DATA BELOW:
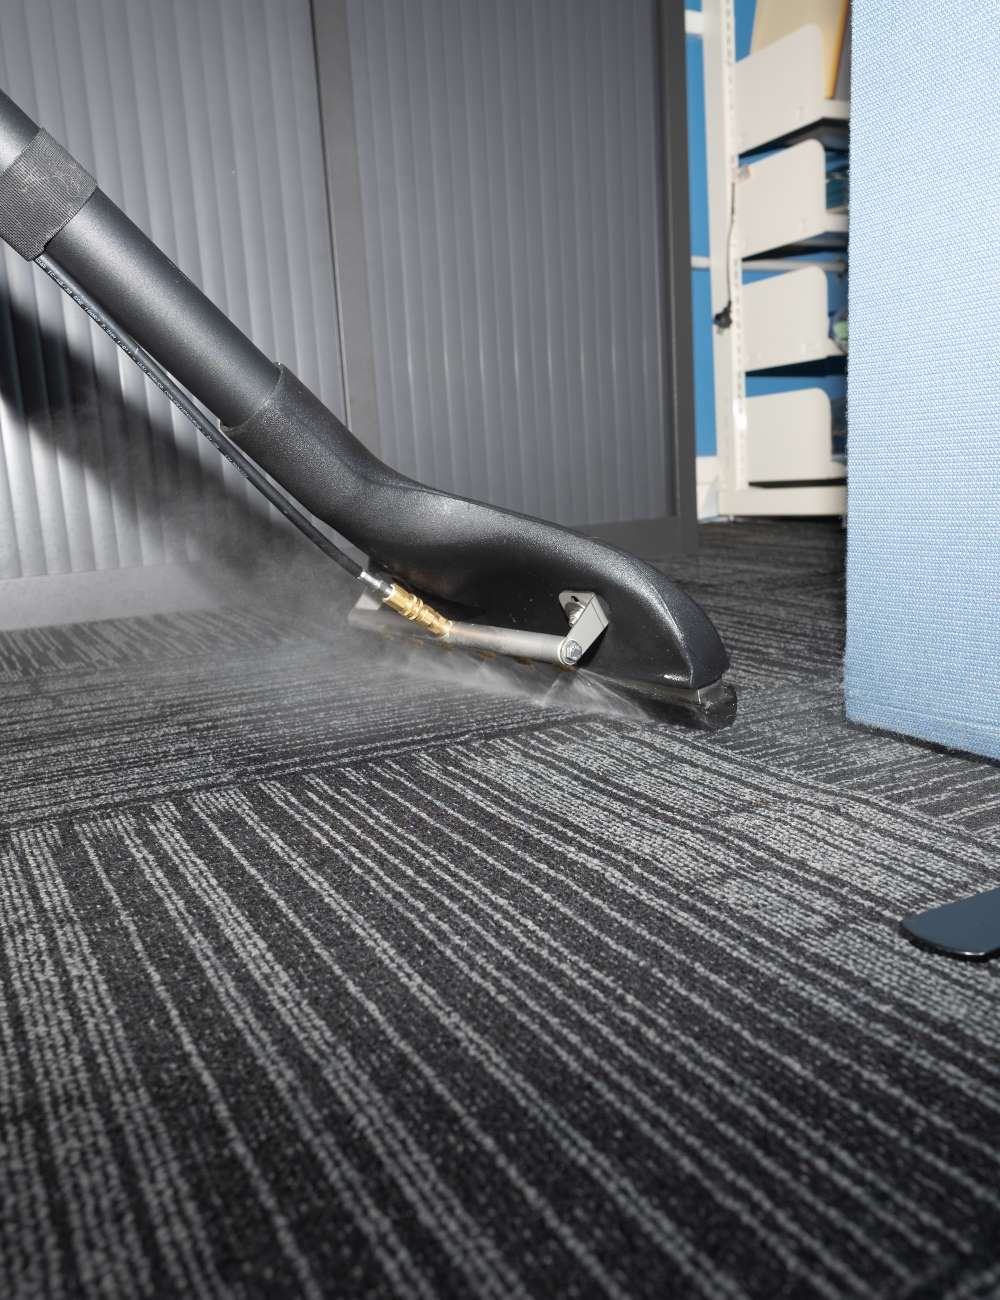 Commercial carpet cleaning in Cumbria
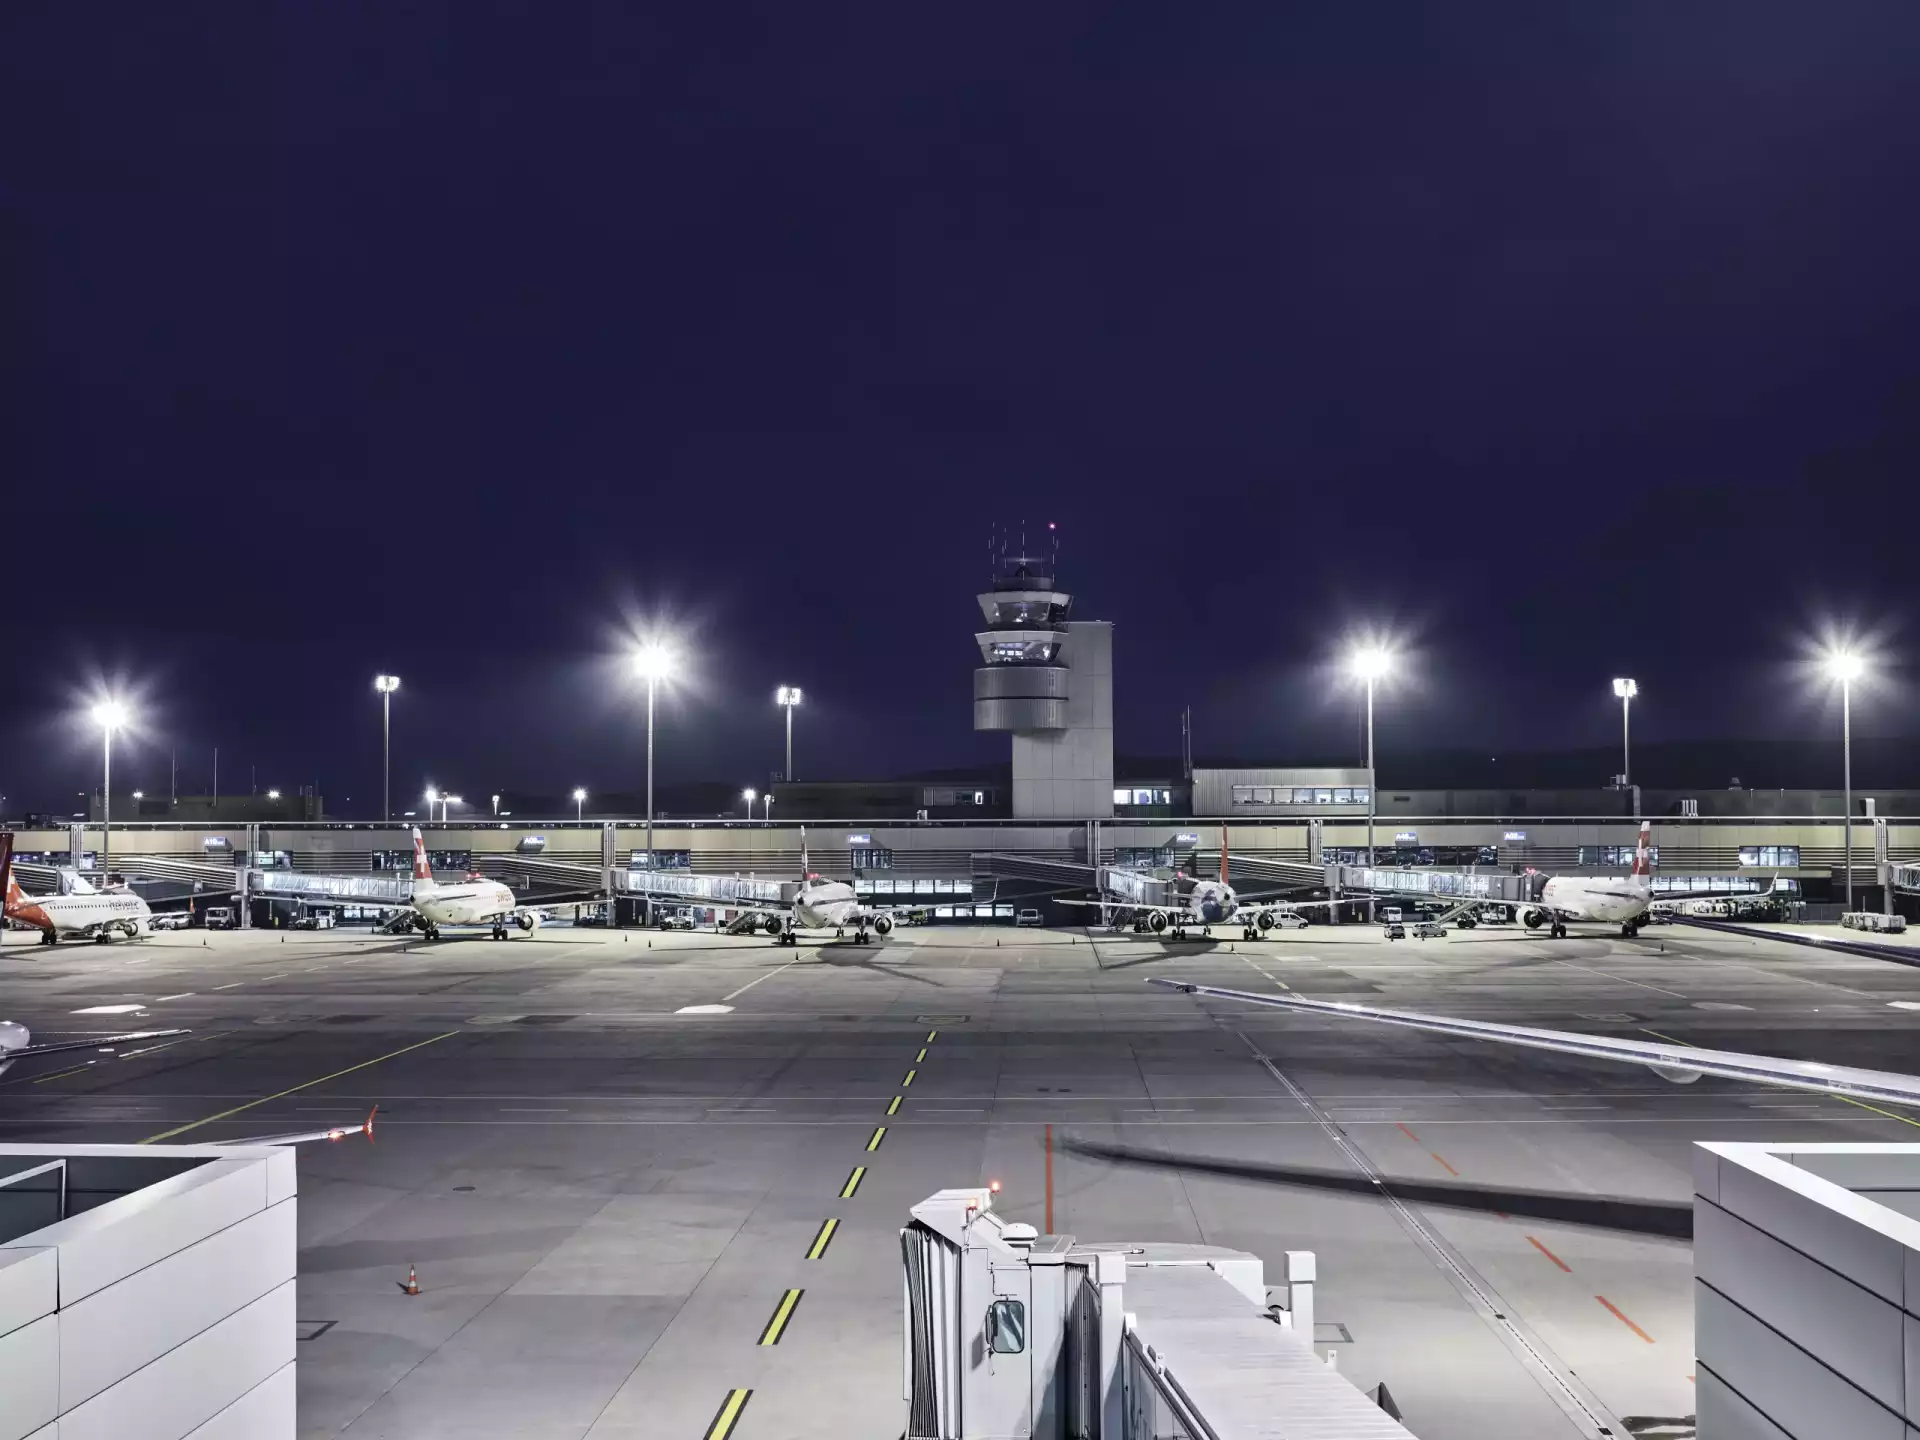 Control tower at Zurich airport at night
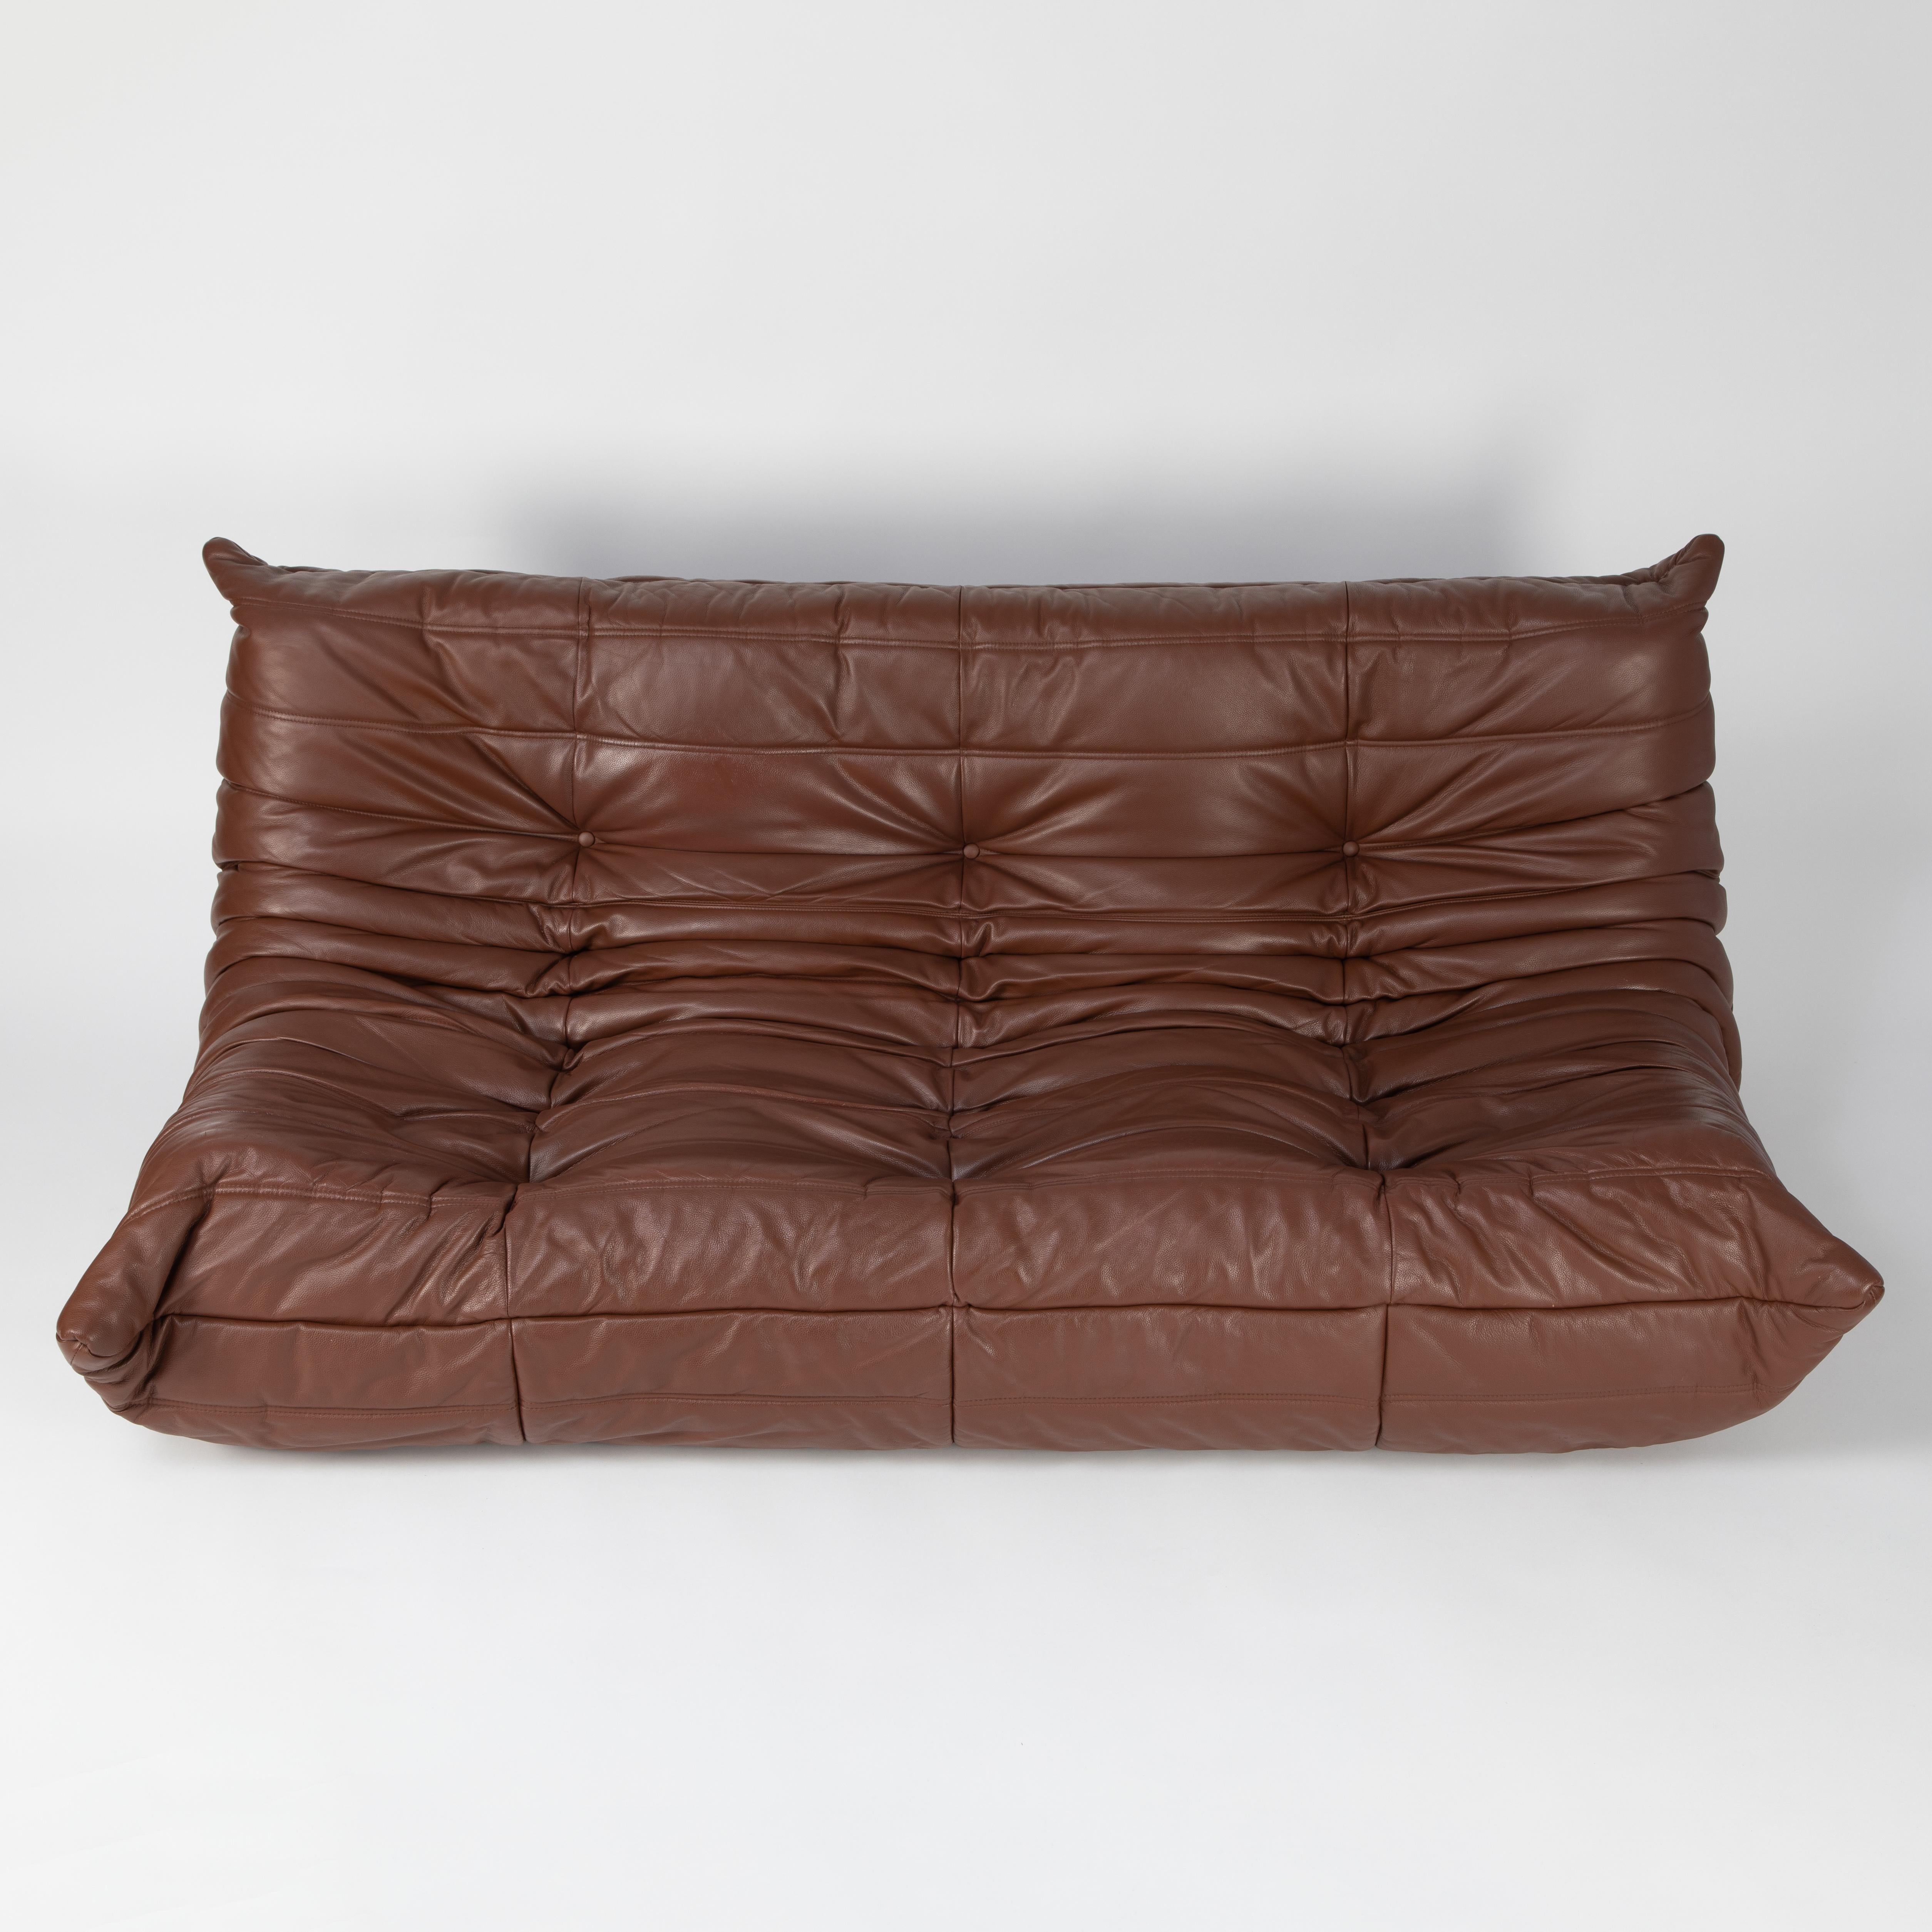 Extraordinarily comfortable Classic sofa from French designer Michel Ducaroy's Togo line for Ligne Roset. Designed in 1973, the Togo collection features ergonomic all-foam forms with quilted covers, this example in a lovely whiskey-color leather.

TASK STATEMENT:
Reproduce the material above in full and without alteration, but skip all pictures.

OUTPUT:
 Commercial carpet cleaning in Cumbria
 Control tower at Zurich airport at night
 Extraordinarily comfortable Classic sofa from French designer Michel Ducaroy's Togo line for Ligne Roset. Designed in 1973, the Togo collection features ergonomic all-foam forms with quilted covers, this example in a lovely whiskey-color leather.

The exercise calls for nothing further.